La Cour évoque le fait que la Syrie l’a informée, par lettre datée du 9 octobre 2023, qu’elle avait décidé de ne pas participer aux audiences devant s’ouvrir le 10 octobre 2023. La Cour note toutefois que le chargé d’affaires de l’ambassade de Syrie à Bruxelles a, par lettre datée du 10 octobre 2023, communiqué à la Cour la position de son gouvernement concernant la demande en indication de mesures conservatoires présentée par le Canada et les Pays-Bas.
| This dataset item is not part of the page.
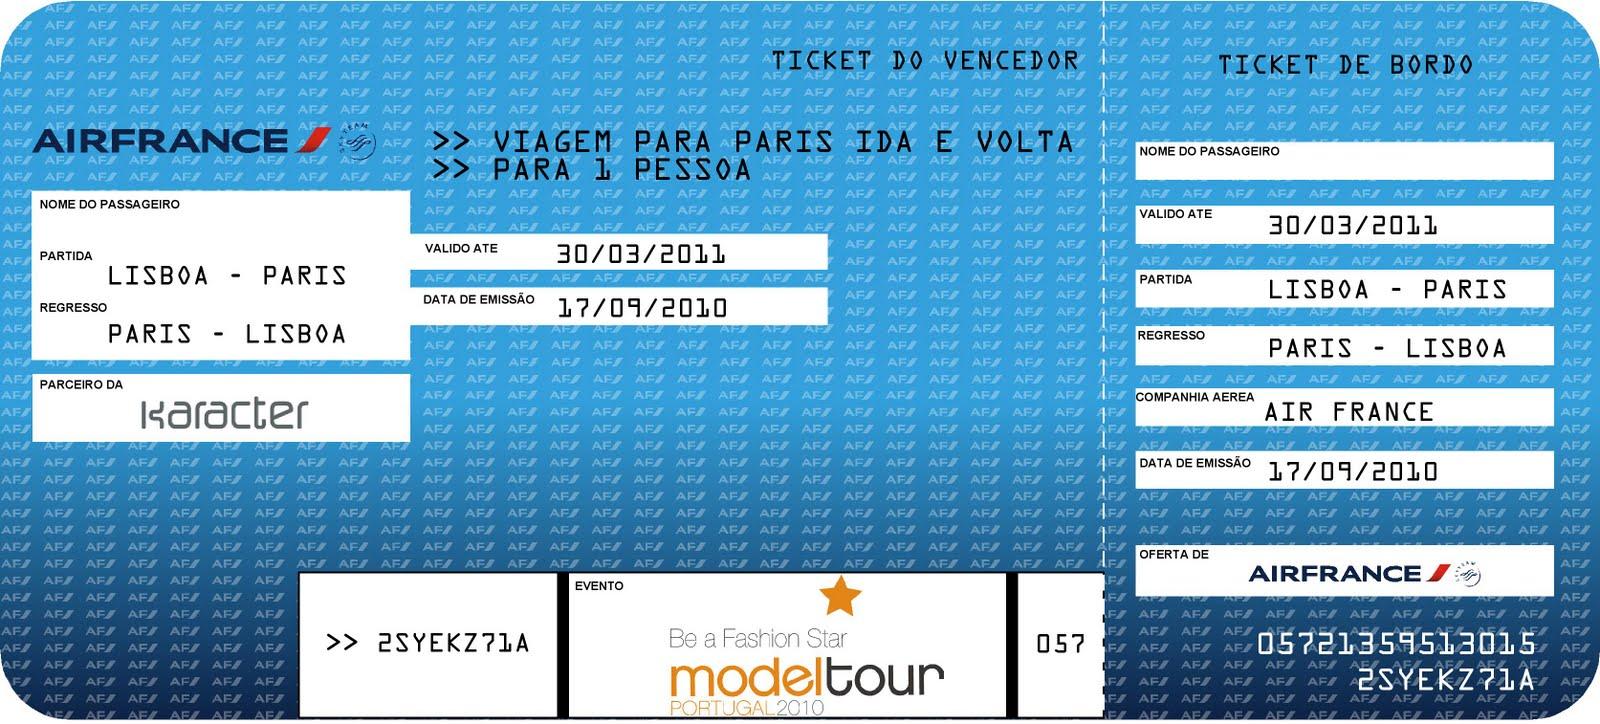 sara pozzetti u0026 39 s portfolio  air france ticket prize for modeltour model of the year contest
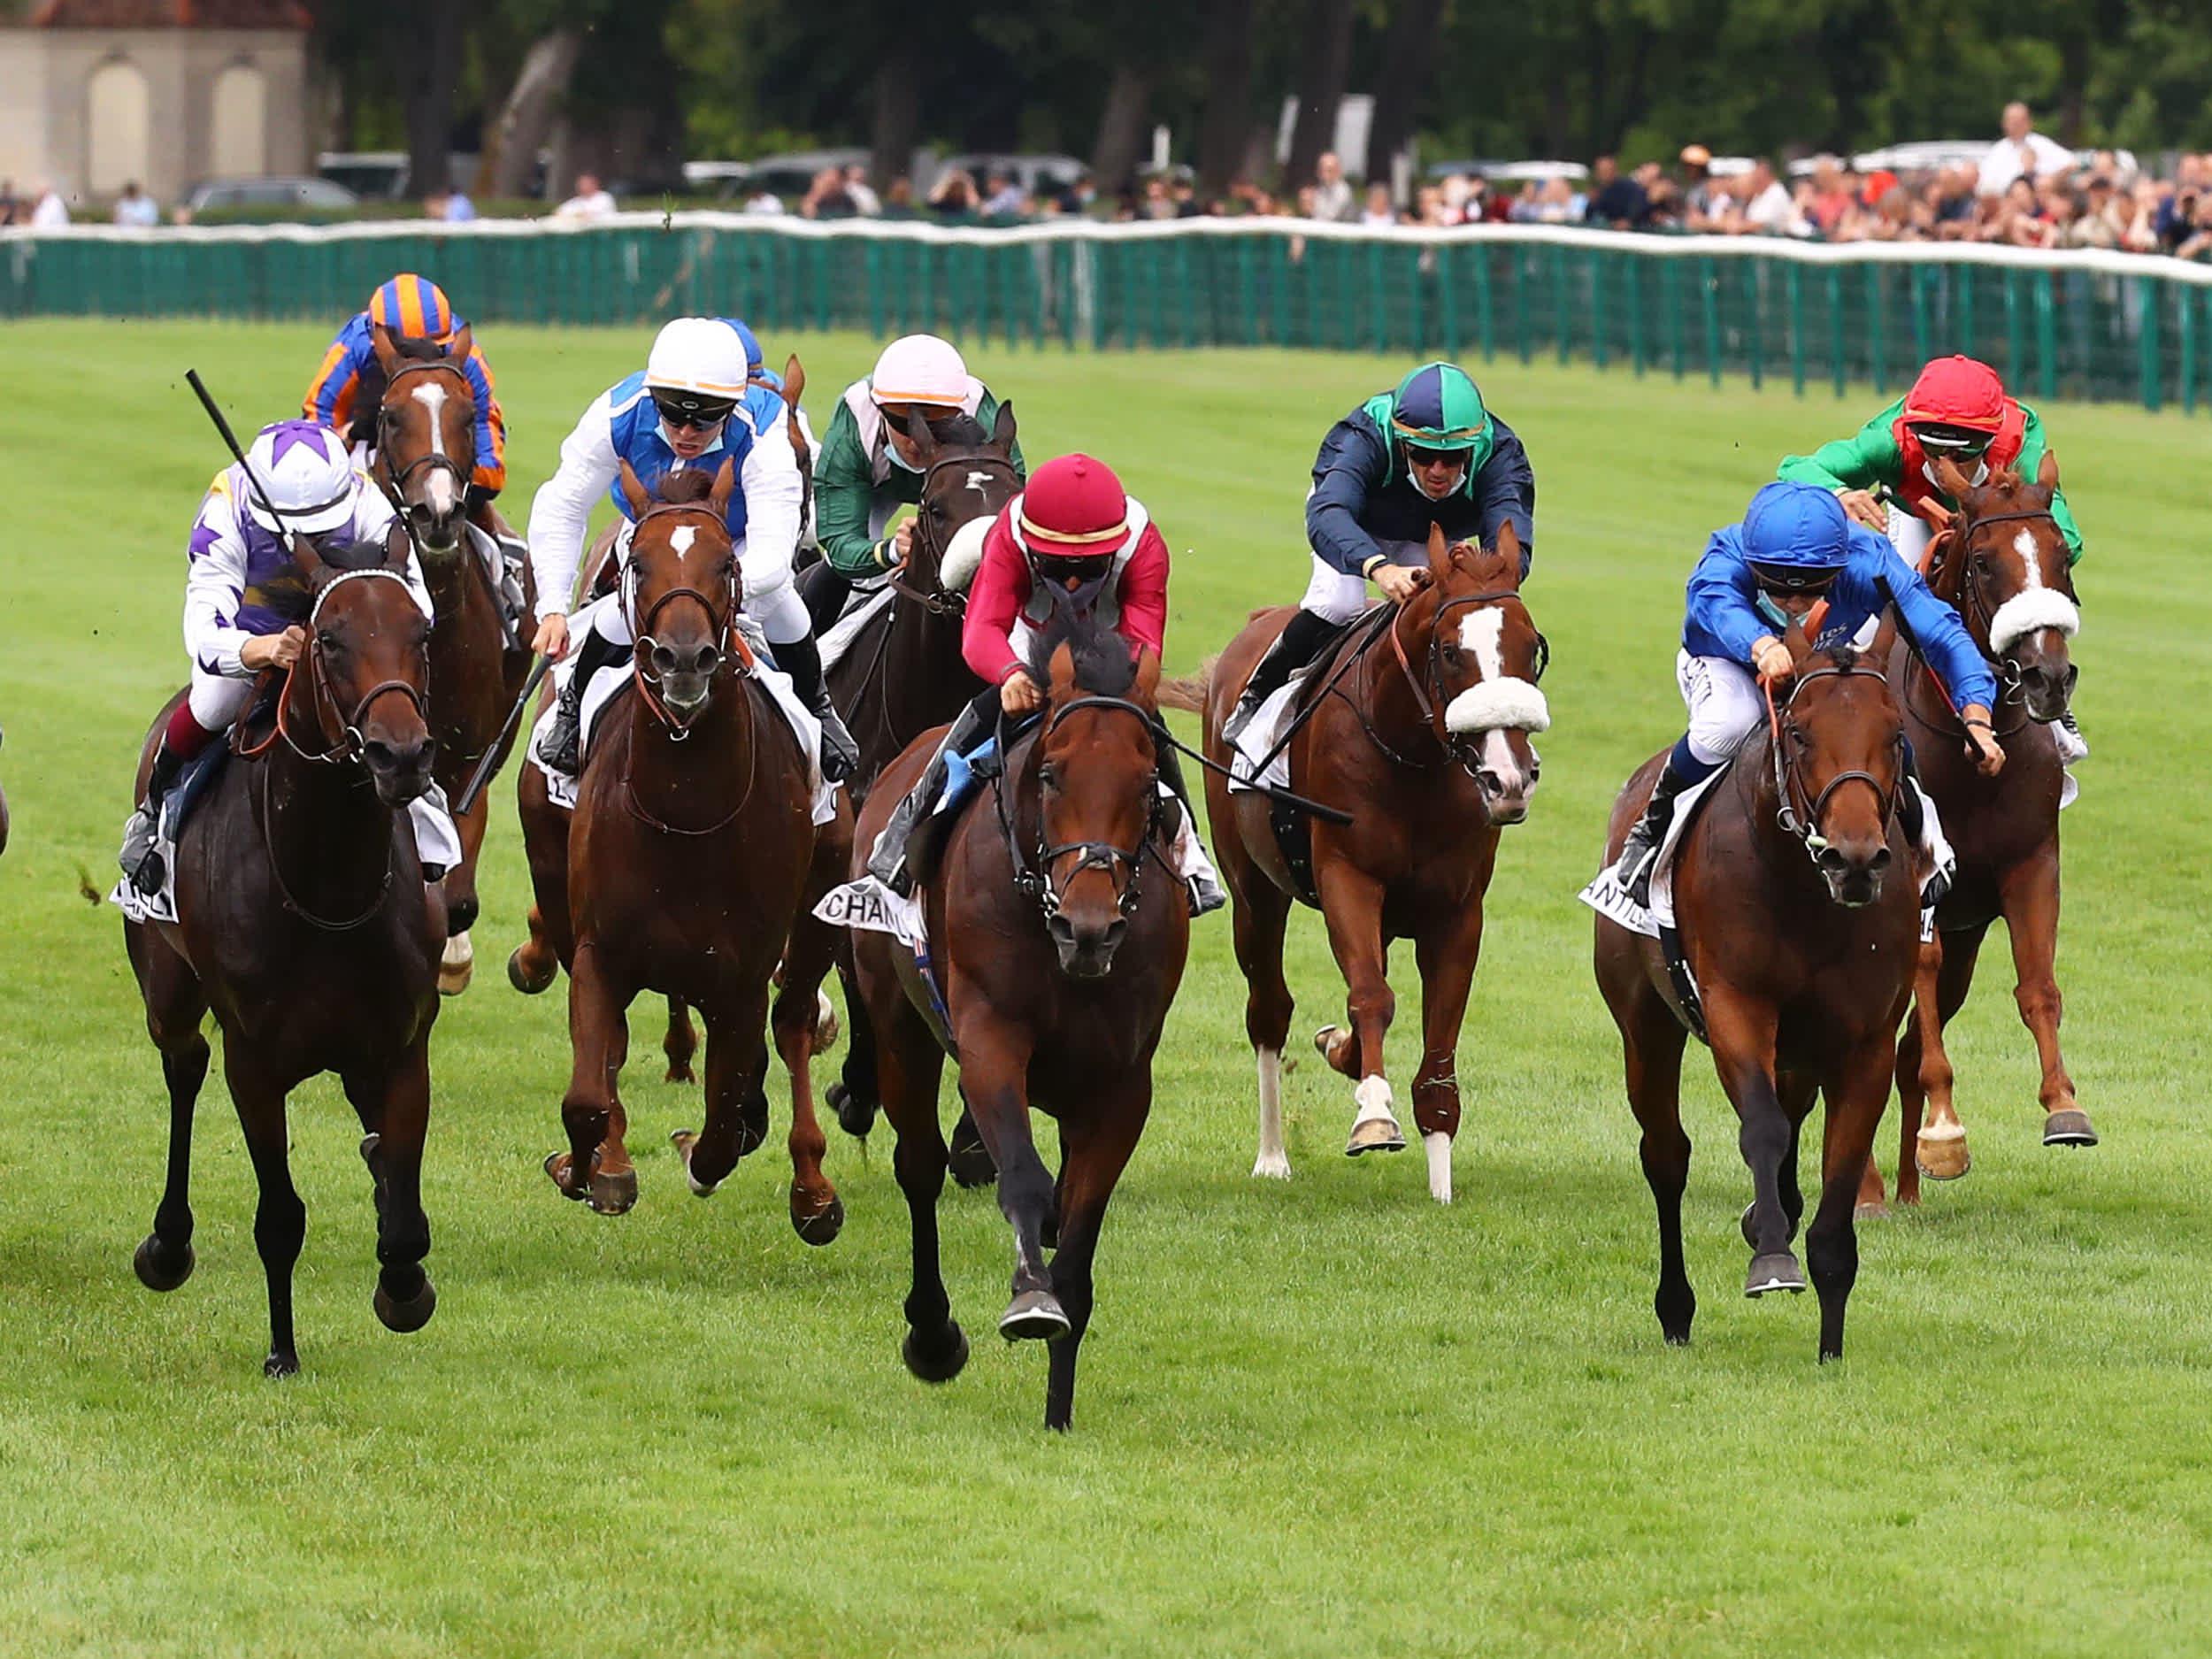 Prix du jockey club 2021 betting sites texas hold em tournament betting strategy

La Cour note également que la Syrie l’a informée, par lettre datée du 13 octobre 2023, de la désignation de deux agents aux fins de l’affaire.
La Cour regrette la décision prise par la Syrie de ne pas prendre part à la procédure orale sur la demande en indication de mesures conservatoires et rappelle à cet égard que la non-comparution d’une partie comporte des conséquences négatives pour une bonne administration de la justice, en ce qu’elle prive la Cour de l’aide qu’une partie aurait pu lui apporter. La Cour doit néanmoins continuer de s’acquitter de sa fonction judiciaire dans n’importe quelle phase de l’affaire.
La Cour note que, bien qu’officiellement absentes d’une phase particulière de l’affaire, ou de toutes, les parties non comparantes soumettent parfois des lettres et des documents à la Cour par des moyens non prévus par son Règlement. Ayant avantage à connaître les vues des deux parties, quelle que soit la forme sous laquelle elles ont été présentées, la Cour indique qu’elle prendra en considération la lettre que la Syrie lui a communiquée, dans la mesure où elle estimera approprié de le faire pour s’acquitter de ses obligations. La Cour souligne enfin que la non-comparution d’une partie à la procédure ou à une phase quelconque de celle-ci ne saurait en aucun cas affecter la validité de sa décision.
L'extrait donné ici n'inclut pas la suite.